(TASK TO COMPLETE):
Below are some records. Return exactly the lines from the one with "Luftaufnahme der blauen" to the one with "Men's trousers - UVR - 0", and nothing else.

(DATA SUPPLIED):

^^^^^^^^^^^^^^^^

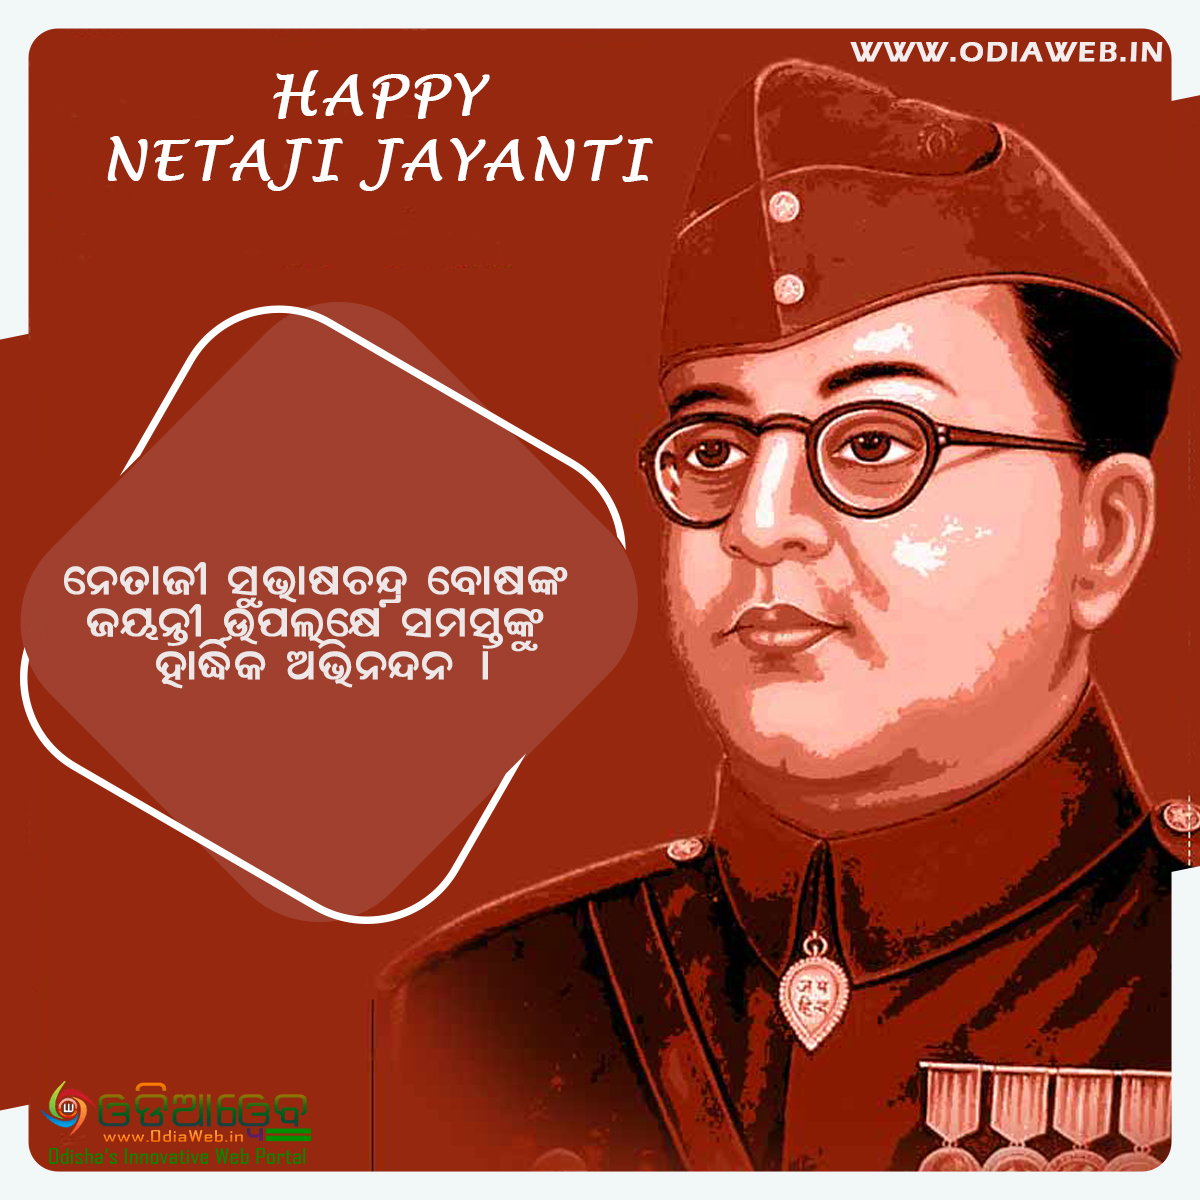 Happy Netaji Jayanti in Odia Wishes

^^^^^^^^^^^^^^^^

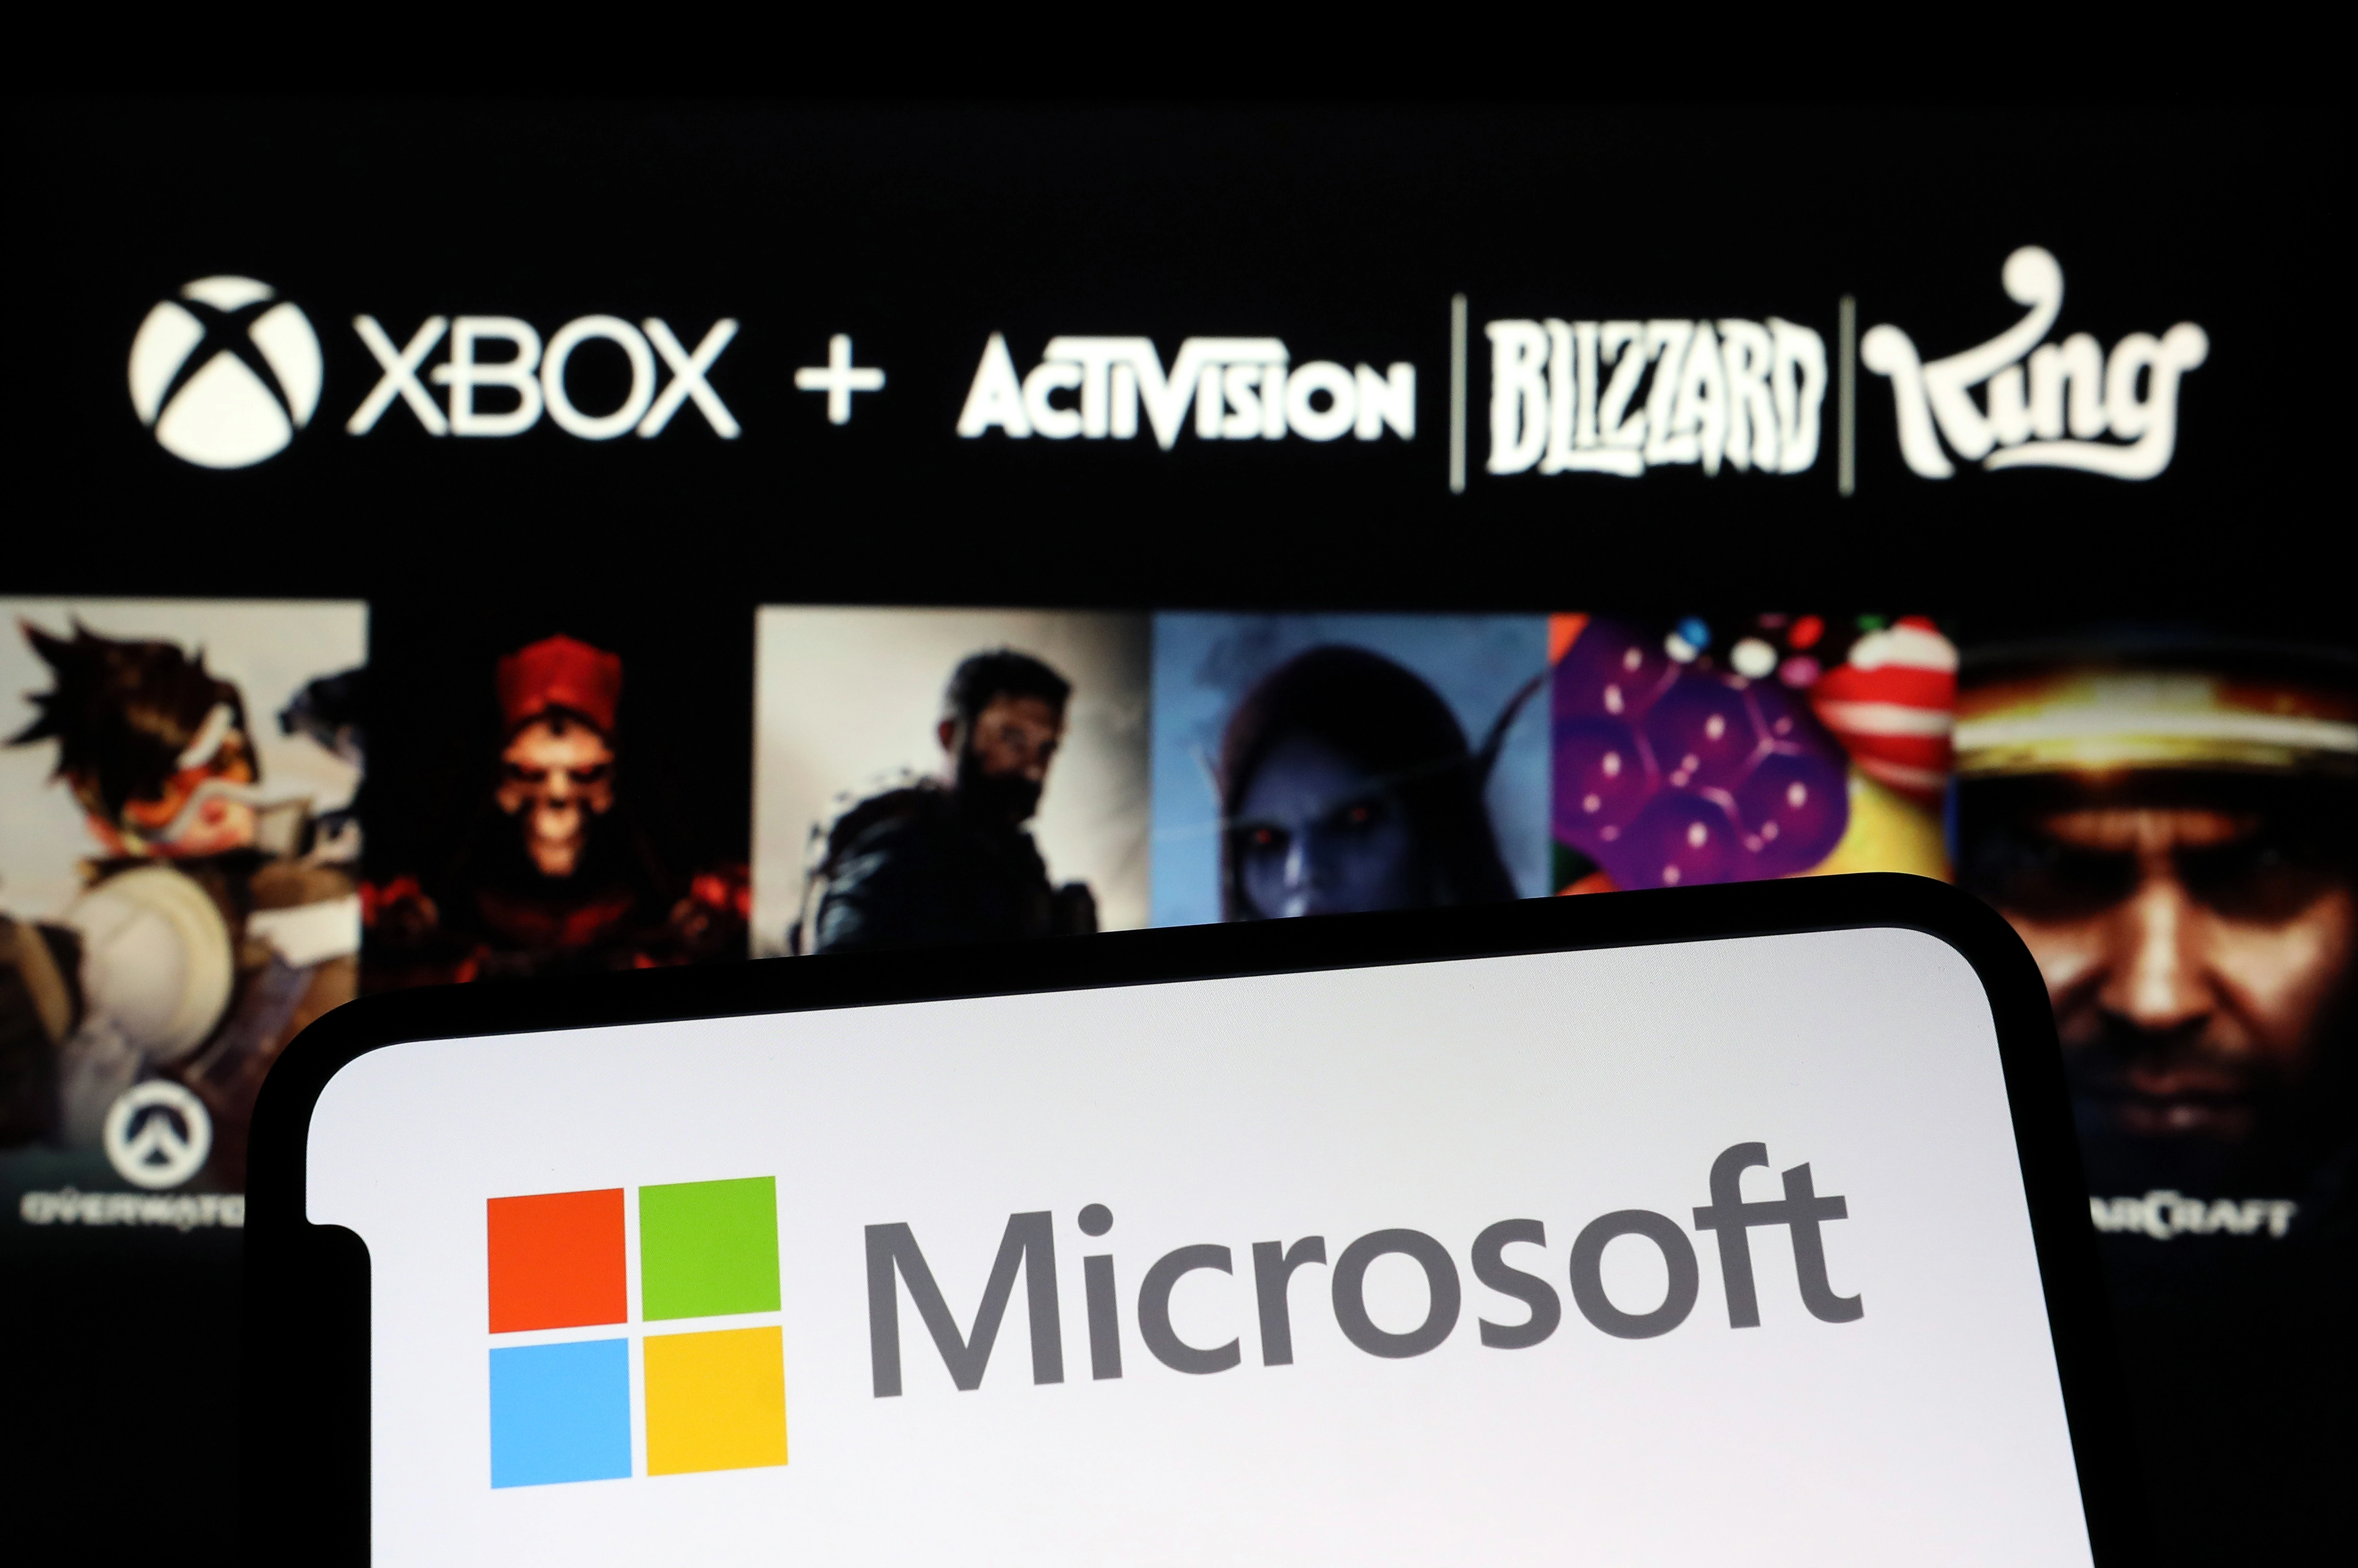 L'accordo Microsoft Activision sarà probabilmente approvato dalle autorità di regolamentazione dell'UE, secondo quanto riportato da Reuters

^^^^^^^^^^^^^^^^

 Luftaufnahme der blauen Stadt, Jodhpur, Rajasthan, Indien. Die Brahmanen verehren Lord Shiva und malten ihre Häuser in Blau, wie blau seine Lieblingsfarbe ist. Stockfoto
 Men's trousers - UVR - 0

^^^^^^^^^^^^^^^^

(RESULT OF THIS EXERCISE):
 Luftaufnahme der blauen Stadt, Jodhpur, Rajasthan, Indien. Die Brahmanen verehren Lord Shiva und malten ihre Häuser in Blau, wie blau seine Lieblingsfarbe ist. Stockfoto
 Men's trousers - UVR - 0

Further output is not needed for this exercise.